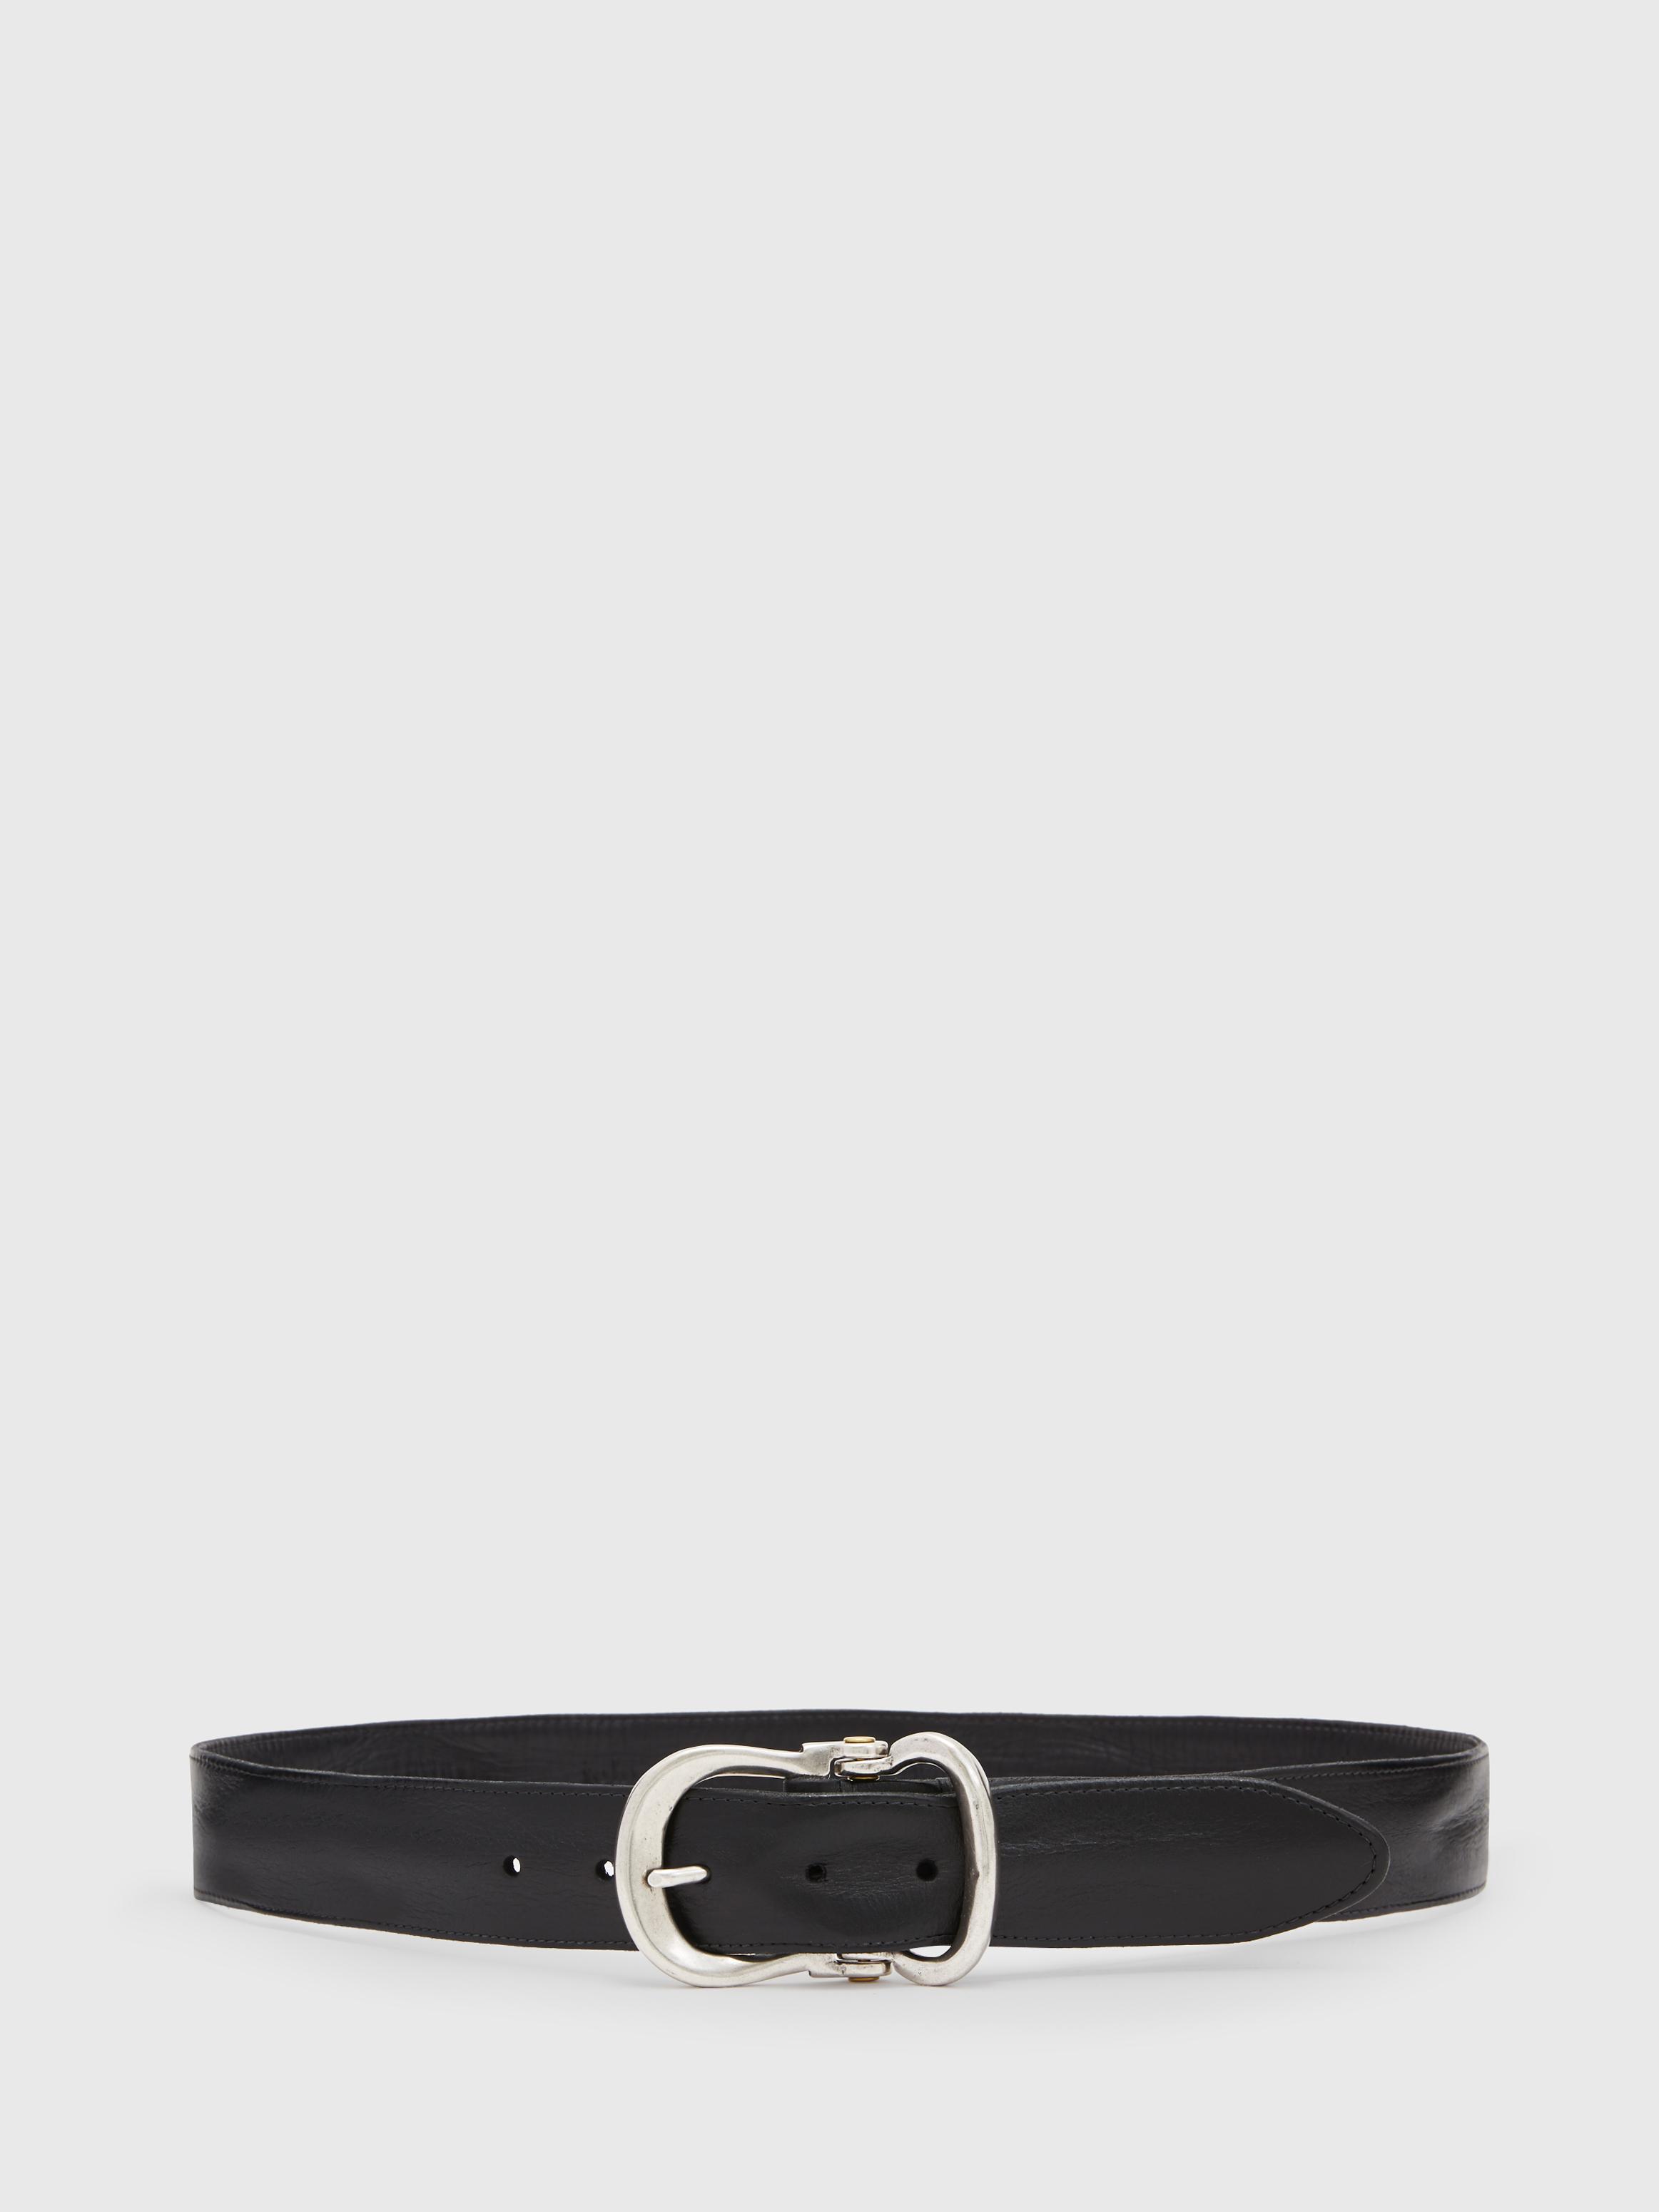 Men's Luxury Belts | Leather & Suede Belts | John Varvatos
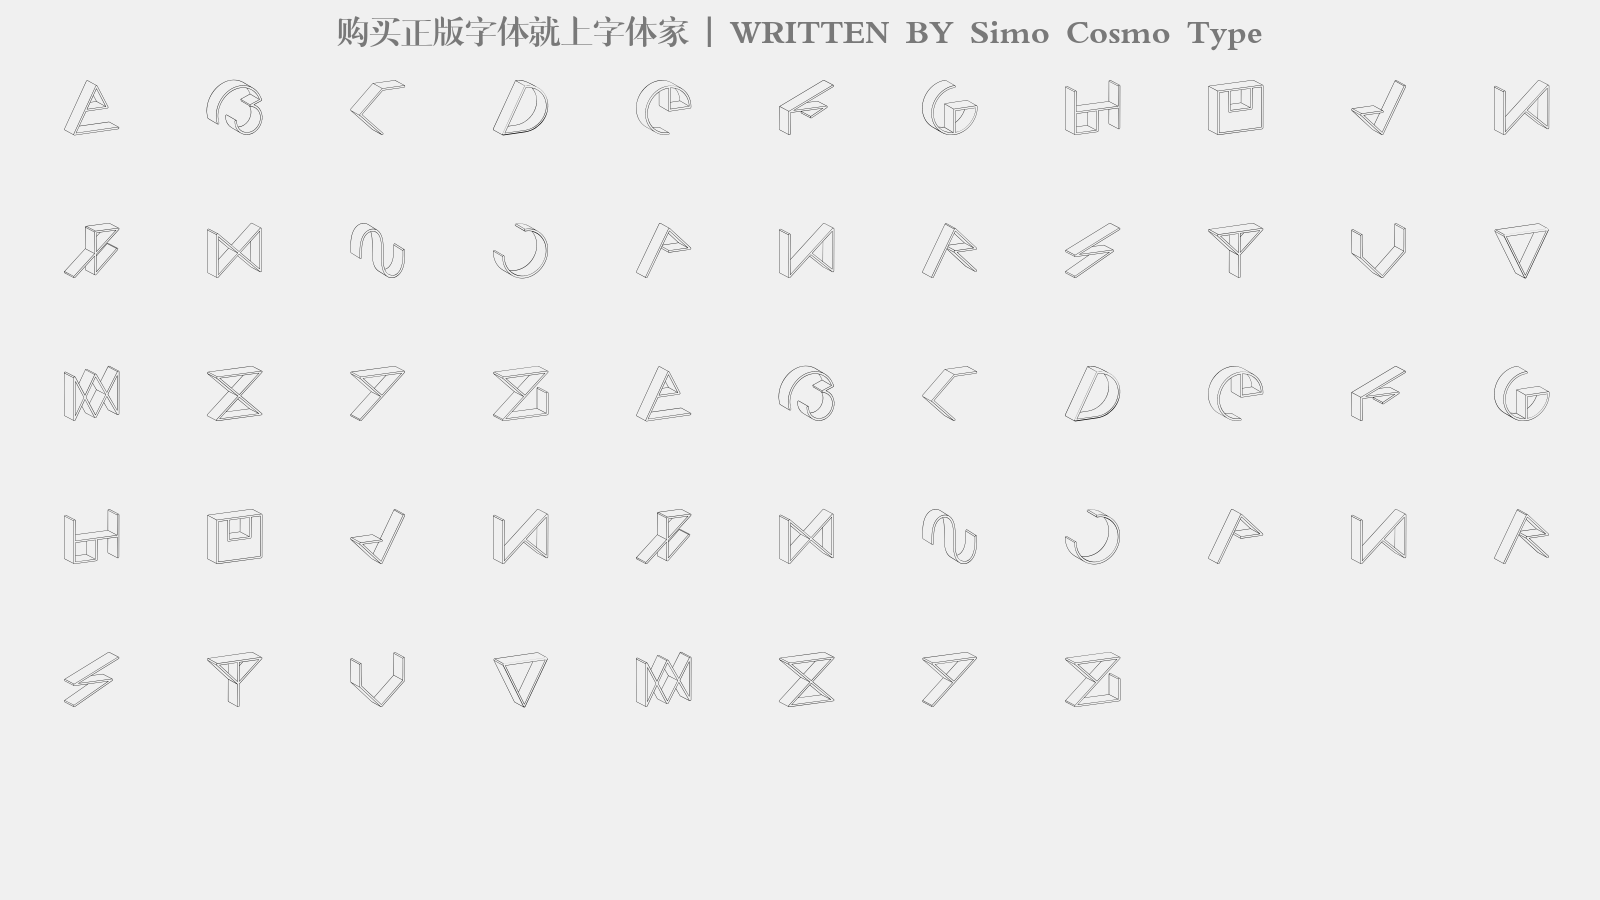 Simo Cosmo Type - 大写字母/小写字母/数字
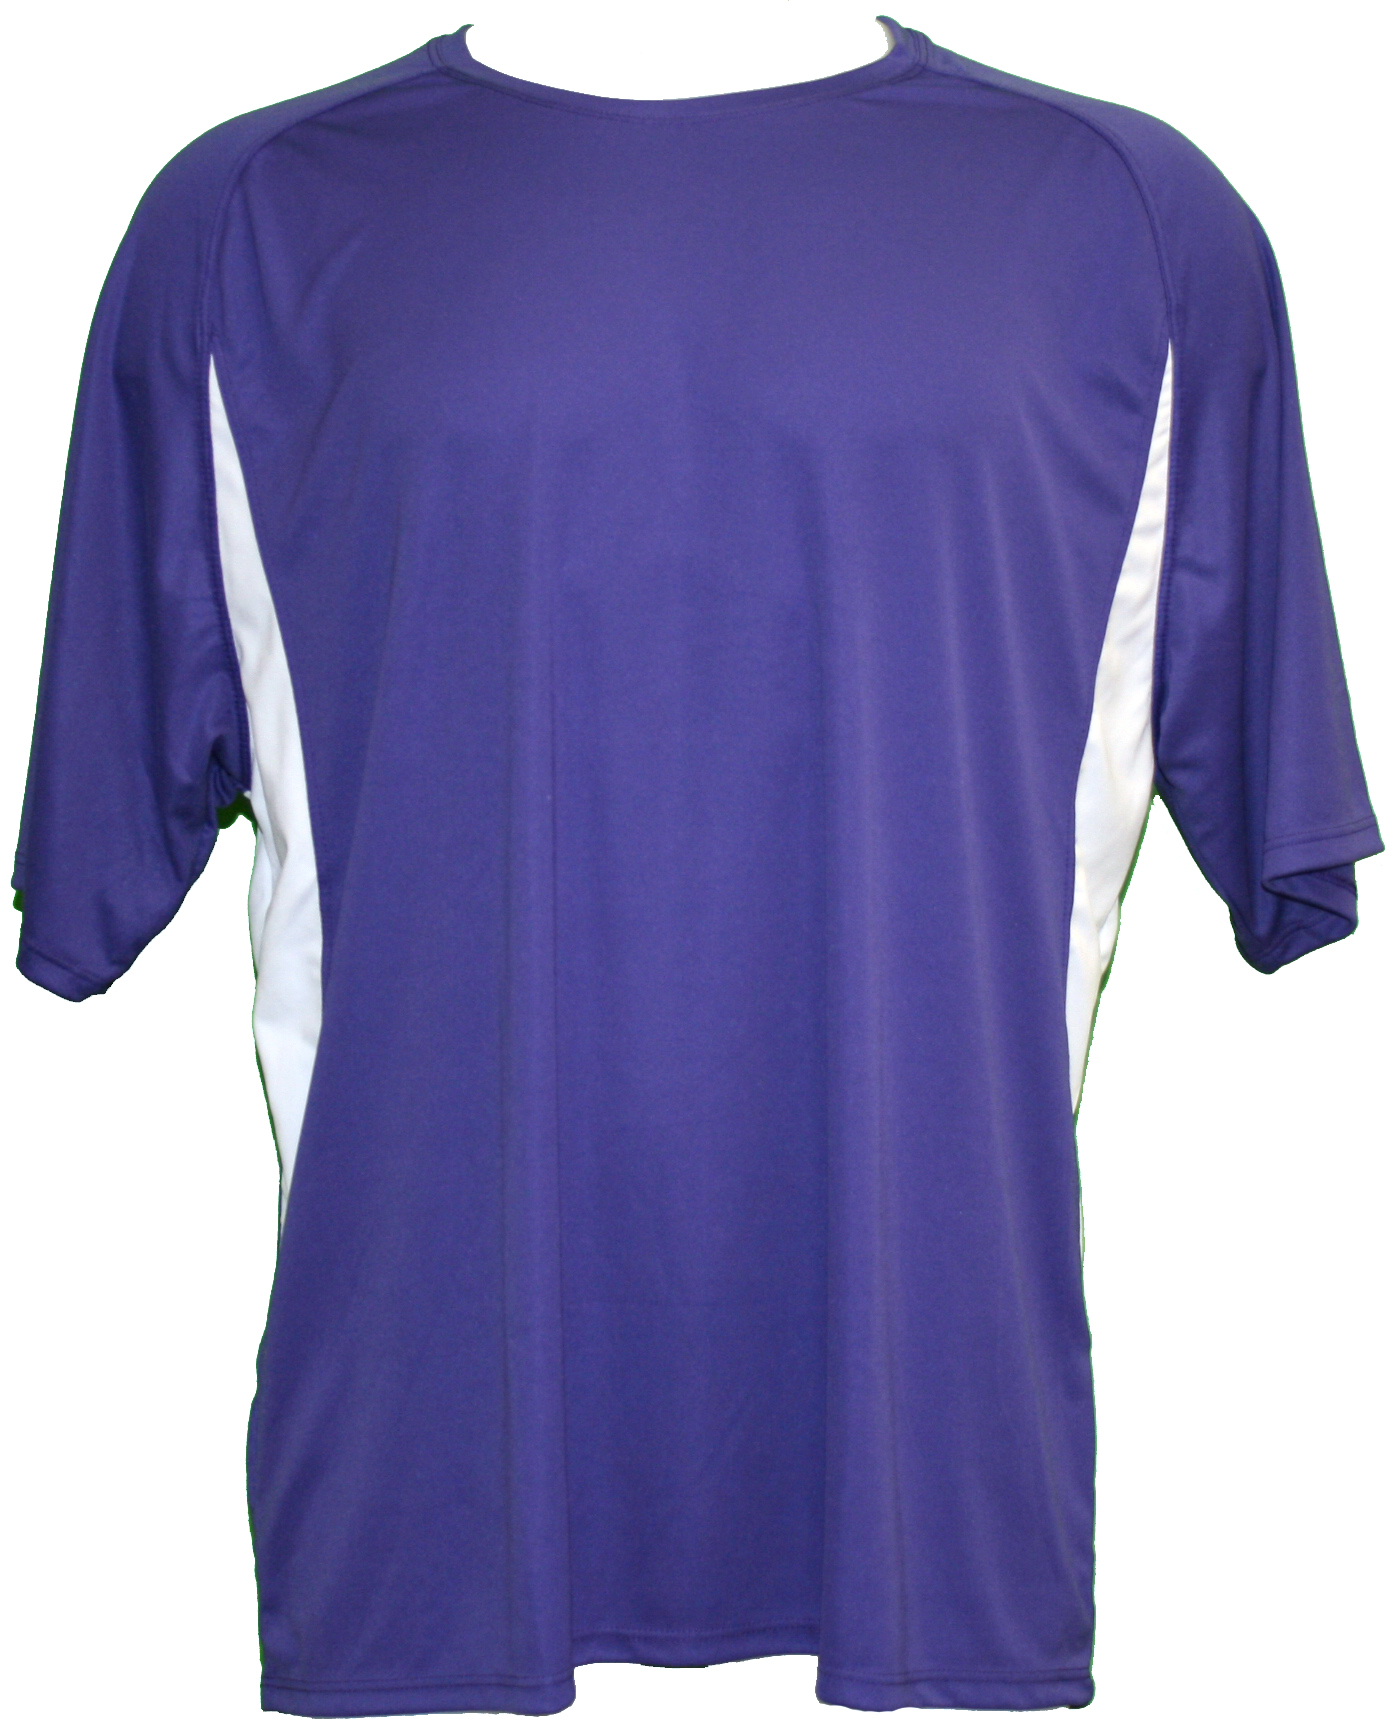 A4 Men&amp;apos;s Performance Color Block Crew Shirt (Purple) CLOSEOUT

-=-=-

__EXERCISE DIRECTIONS__: Without reproducing any picture, repeat exactly the lines from the one containing "Simo Cosmo Type - 大写字母/小写字母/数字" through the last line of the material above, both ends included.

__SOLVED EXERCISE__:
 Simo Cosmo Type - 大写字母/小写字母/数字
 A4 Men&amp;apos;s Performance Color Block Crew Shirt (Purple) CLOSEOUT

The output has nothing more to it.